Course: 2022/2023

Predictive Modeling

(16494)

Requirements (Subjects that are assumed to be known)

Calculus I and II
Linear Algebra
Programming
Probability and Data Analysis
Introduction to Statistical Modeling
Statistical Learning

* General competences
- CG1: Adequate knowledge and skills to analyse and synthesise basic problems related to engineering and data science, solve them and communicate them efficiently.
- CG4: Ability to solve technological, computational, mathematical and statistical problems that may arise in engineering and data science.
- CG5: Ability to solve mathematically formulated problems applied to different subjects, using numerical algorithms and computational techniques.
- CG6: Synthesise the conclusions obtained from the analyses carried out and present them clearly and convincingly, both written and orally.
* Transversal competences
- CT1: Ability to communicate knowledge orally and in writing, before a specialised and non-specialised public.
* Specific competences
- CE1: Ability to solve mathematical problems that may arise in engineering and data science. Ability to apply knowledge about: algebra; geometry; differential and integral calculation; numerical methods; numerical algorithm; statistics and optimisation.
- CE2: Properly identify problems of a predictive nature corresponding to certain objectives and data and use the basic results of regression analysis as the basic basis of prediction methods.
- CE5: Understand and handle fundamental concepts of probability and statistics and be able to represent and manipulate data to extract meaningful information from them.
- CE7: Understand the basic concepts of programming and ability to carry out programs aimed at data analysis.

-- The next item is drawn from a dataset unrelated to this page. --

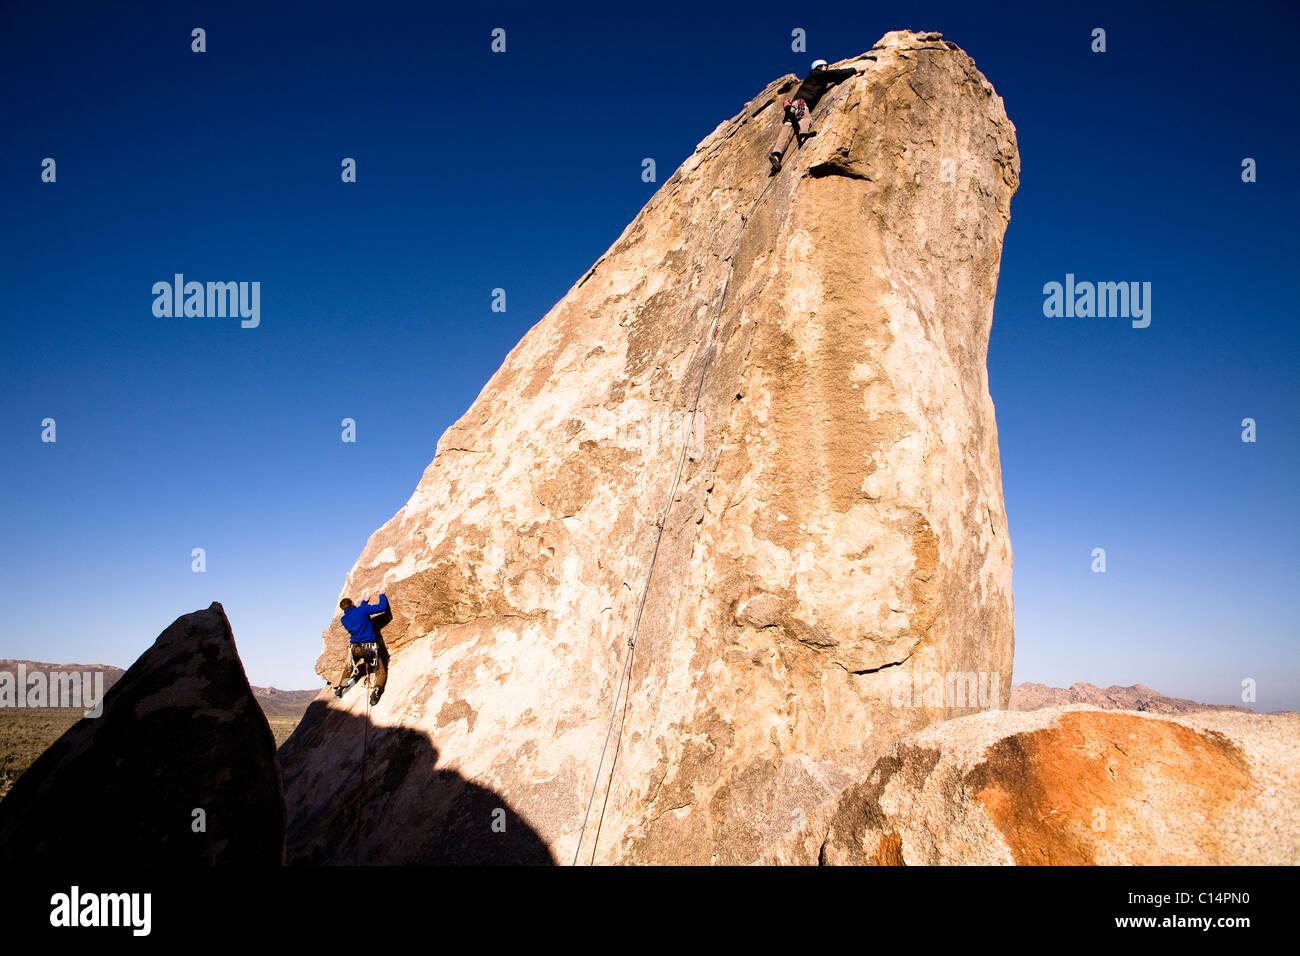 Dos hombres escaladores trabajar su camino lápida Rock en el Parque Nacional Joshua Tree, California. Imagen De Stock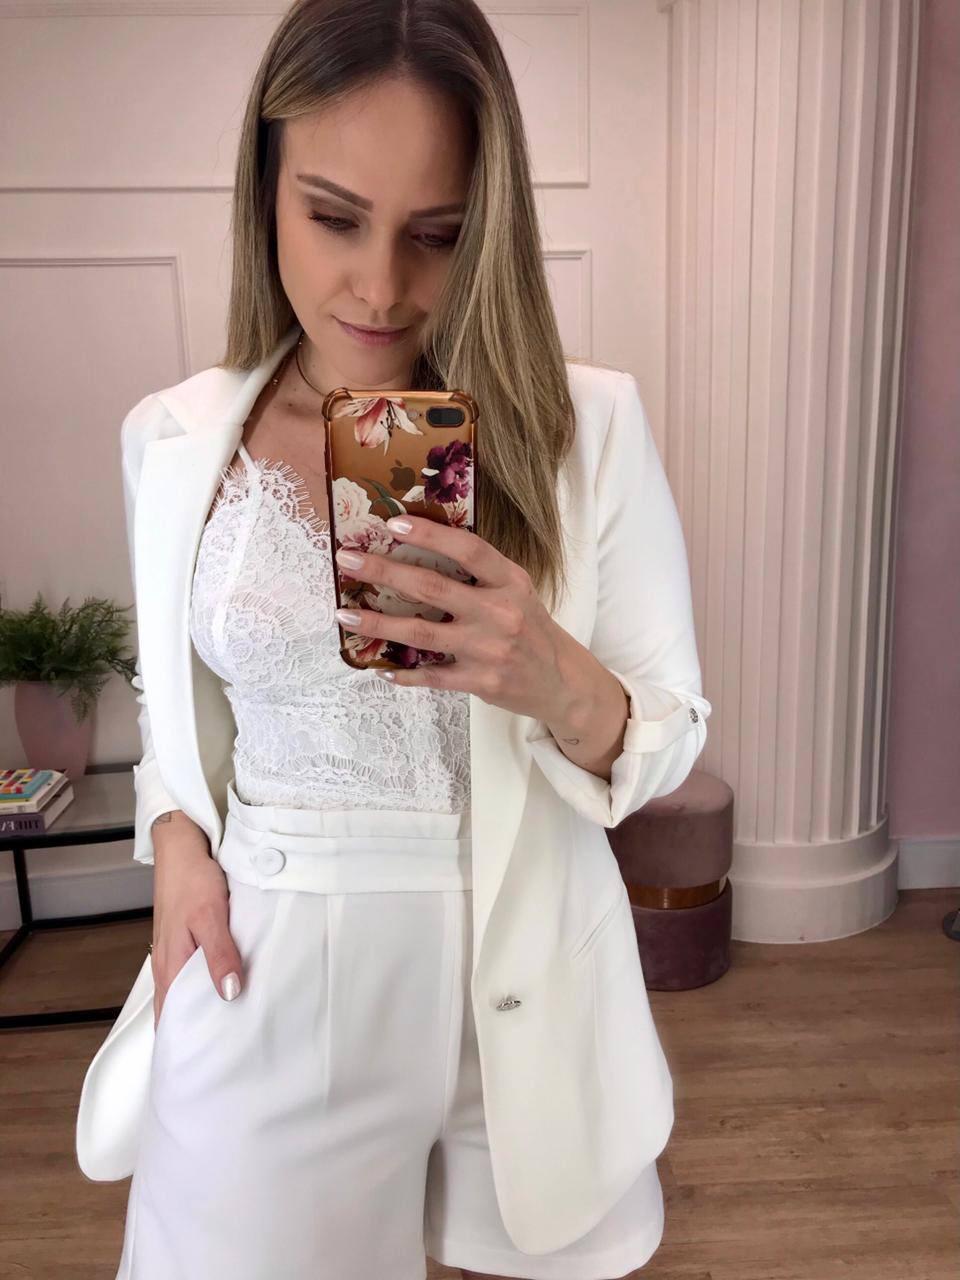 Shosts Liliane Alfaiataria 5% Elastano Clochard Cós Martingale Detalhe Bolsos Laterais Botões Fake

Skills and learning outcomes

Description of contents: programme

This course is designed to give a panoramic view of several tools available for predictive modeling, at an introductory-intermediate level. This view covers in-depth the main concepts in linear models and gives an overview on their extensions. The focus is placed on providing the main insights on the statistical/mathematical foundations of the models and on showing the effective implementation of the methods through the use of the statistical software R.
1. Introduction
1.1. Course overview
1.2. Review on probability
1.3. Random vectors
1.4. Review on statistical inference
1.5. What is predictive modeling?
2. Simple linear regression
2.1. Model formulation and estimation
2.2. Assumptions of the model
2.3. Inference for model parameters
2.4. Prediction
2.5. ANOVA and model fit
3. Multiple linear regression
3.1. Model formulation and estimation
3.2. Assumptions of the models
3.3. Inference for model parameters
3.4. ANOVA and model fit
3.5. Model selection
3.6. Handling nonlinear relationships
3.7. Use of qualitative predictors
3.8. Model diagnostics and multicollinearity
4. Linear regression extensions
4.1. Review on principal component analysis
4.2. Principal components regression
4.3. Partial least squares regression
4.4. Regularized linear models
4.5. Ridge and lasso regression
5. Logistic regression
5.1. Model formulation and interpretation
5.2. Maximum likelihood estimation
5.3. Inference for model parameters
5.4. Model selection and multicollinearity
5.5. Regularized logistic models
The program is subject to minor modifications due to the course development and/or academic calendar.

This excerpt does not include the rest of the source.